Den Mac Studio gibt es mit folgenden Prozessoren:

• M1 Max mit 10-Core-CPU, 24-Core-GPU und 16-Core-Neural-Engine (bis zu 64 GB RAM)
• M1 Max mit 10-Core-CPU, 32-Core-GPU und 16-Core-Neural-Engine (bis zu 64 GB RAM)

• M1 Ultra mit 20-Core-CPU, 32-Core-GPU und 32-Core-Neural-Engine (bis zu 128 GB RAM)
• M1 Ultra mit 20-Core-CPU, 64-Core-GPU und 32-Core-Neural-Engine (bis zu 128 GB RAM)

SSD-Laufwerke stehen in Speicherkapazitäten von 512 GB, 1 TB, 2 TB, 4 TB und 8 TB zur Auswahl. Zur weiteren Ausstattung gehören WLAN 6 (802.11ax), Bluetooth 5.0 und Lautsprecher. Der Mac Studio kann gleichzeitig bis zu fünf Bildschirme ansteuern.

 
Mac Studio
 
Mac Studio: Die Schnittstellen der Rückseite.
Bild: Apple.

 

"Mit einer quadratischen Grundflächevon weniger als 20 cm bei einer Höhe von nur 9,4 cm nimmt der Mac Studio nur sehr wenig Platz ein und passt perfekt unter die meisten Displays. Der Mac Studio verfügt außerdem über ein innovatives Wärmemanagement-System, das eine außergewöhnliche Leistung möglich macht.

Das einzigartige System aus doppelseitigen Lüftern, präzise platzierten Luftstromkanälen und über 4.000 Perforationen auf der Rück- und Unterseite des Gehäuses leitet die Luft durch die internen Komponenten und trägt zur Kühlung der Hochleistungs-Chips bei. Dank der Effizienz der Apple Chips bleibt der Mac Studio selbst bei höchster Arbeitsbelastung unglaublich leise", so Apple weiter.

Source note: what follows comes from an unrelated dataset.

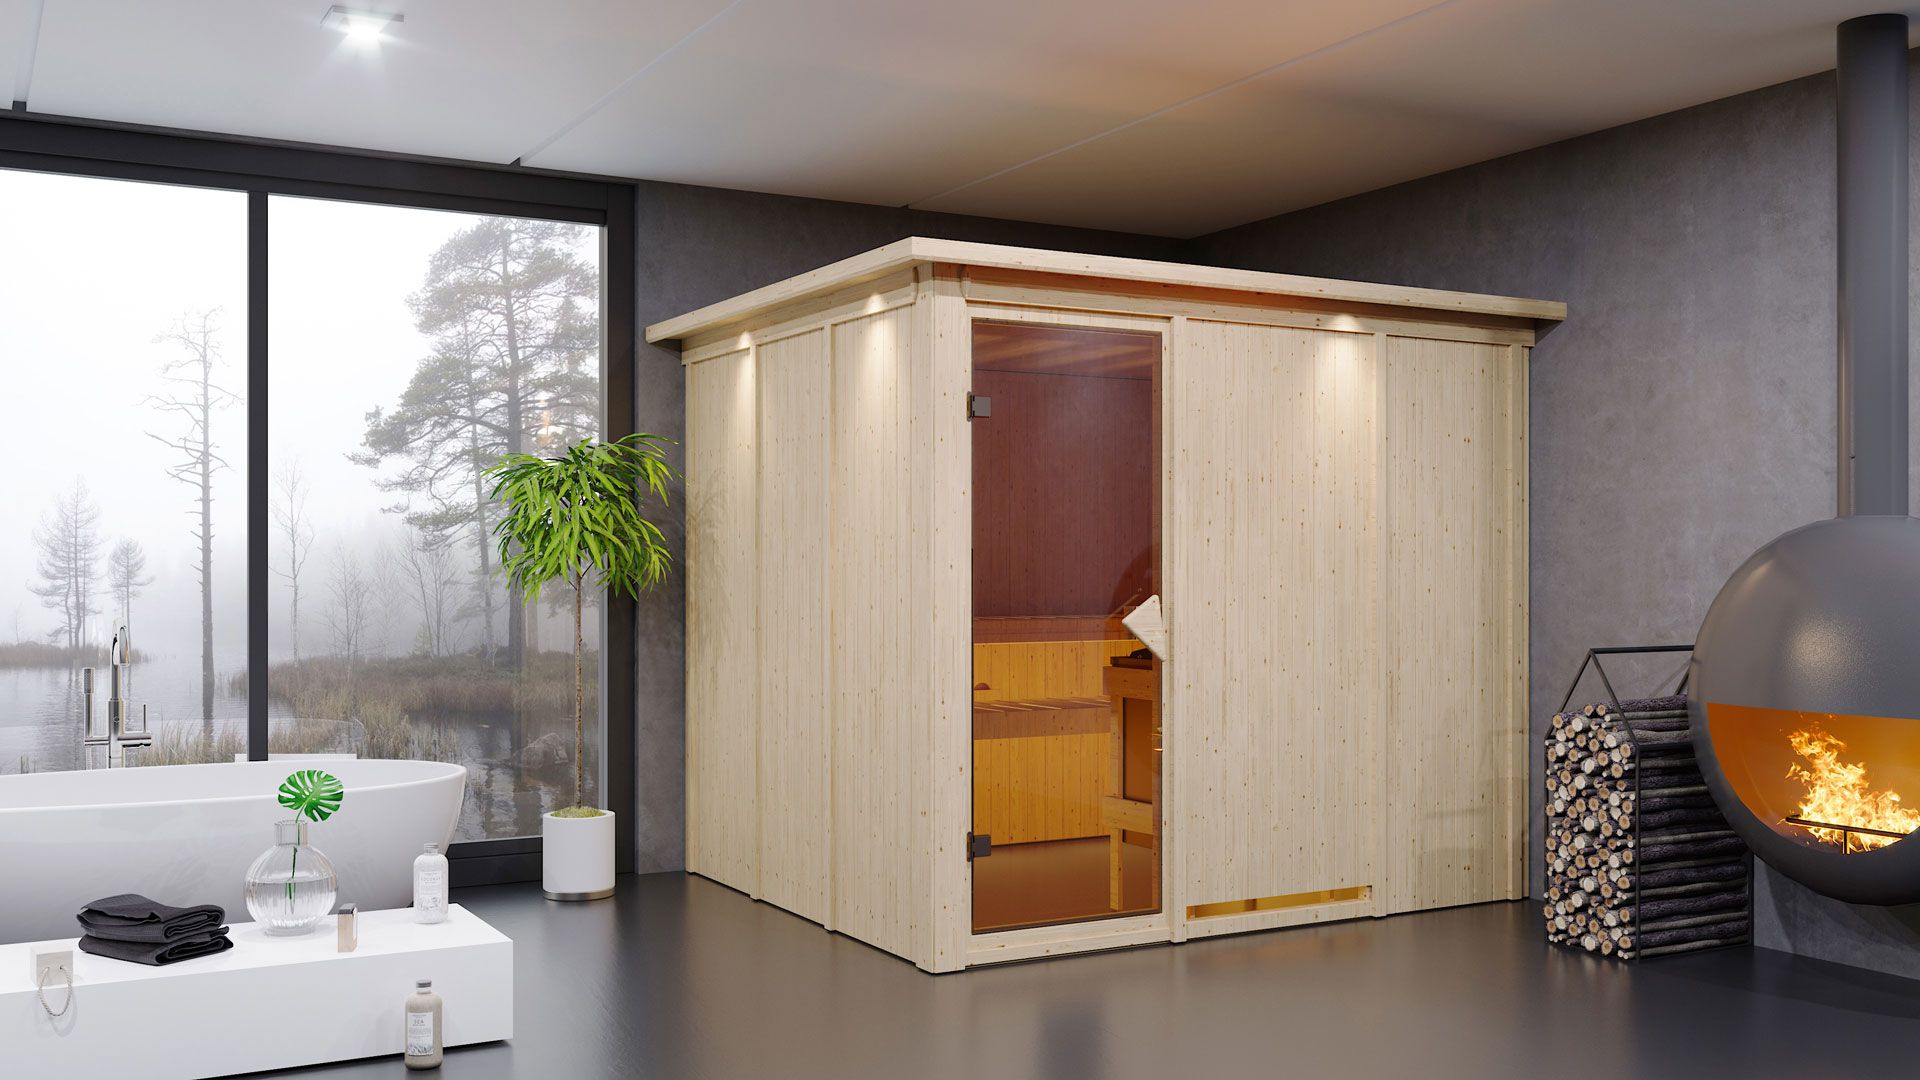 Sauna "Toivo" SET mit Kranz und Ofen externe Steuerung easy 9 kW Edelstahl - 245 x 210 x 202 cm (B x T x H)

Eingabegeräte werden nicht mitgeliefert. Der Mac Studio kann ab sofort bestellt werden, die Auslieferung startet am 18. März.

Nachtrag: In der Datenbank der Benchmark-Software Geekbench wurde ein erstes Testergebnis des M1 Ultra hochgeladen. Demnach kommt der 20-Kern-Prozessor auf eine Single-Core-Punktzahl von knapp 1800 und auf eine Multi-Core-Punktzahl von etwa 24.000. Zum Vergleich: Der Xeon-Mac-Pro mit 28 Kernen erreicht lediglich 1150 bzw. 19.950 Punkte. Während der Mac Pro mit 28 Kernen satte 14.549 Euro (aufwärts) kostet, gibt es den Mac Studio mit M1 Ultra bereits ab 4599 Euro.

2. Nachtrag: Die Nachfrage ist offenbar enorm: Beim Mac Studio mit M1 Ultra beträgt die Lieferzeit inzwischen 2 Monate. Bei den Konfigurationen mit M1 Max sind es zwischen 2 Wochen und 2 Monate.

3. Nachtrag: Der Mac Studio mit M1 Max wiegt 2,7 kg, während der Mac Studio mit M1 Ultra auf 3,6 kg kommt. Wie Apple erläutert, liegt dies an einem schwereren Kühlkörper im M1-Ultra-Modell: "Sie haben das gleiche 370-W-Netzteil. Das zusätzliche Gewicht ist darauf zurückzuführen, dass der M1 Ultra ein größeres Kupfer-Wärmemodul hat, während der M1 Max einen Aluminium-Kühlkörper besitzt."

4. Nachtrag (15. März): Apple: Profi-Musiksoftware Logic Pro erhält Optimierungen für Mac Studio.

5. Nachtrag (18. März): Verkaufsstart für Mac Studio und Studio Display: Lange Lieferzeiten, erste Benchmarks.

6. Nachtrag (21. März): Mac Studio: SSD-Laufwerk kann getauscht werden.

7. Nachtrag (31. März): Mac Studio und hochohmige Kopfhörer: Weitere Einzelheiten.

Kommentare

Soviel Power auf dem Desktop in so einem kleinen Gehäuse , sowas kann im Moment nur Apple . Da kann Intel und AMD rumschrauben so viel sie wollen ihre Chips werden einfach zu heiß .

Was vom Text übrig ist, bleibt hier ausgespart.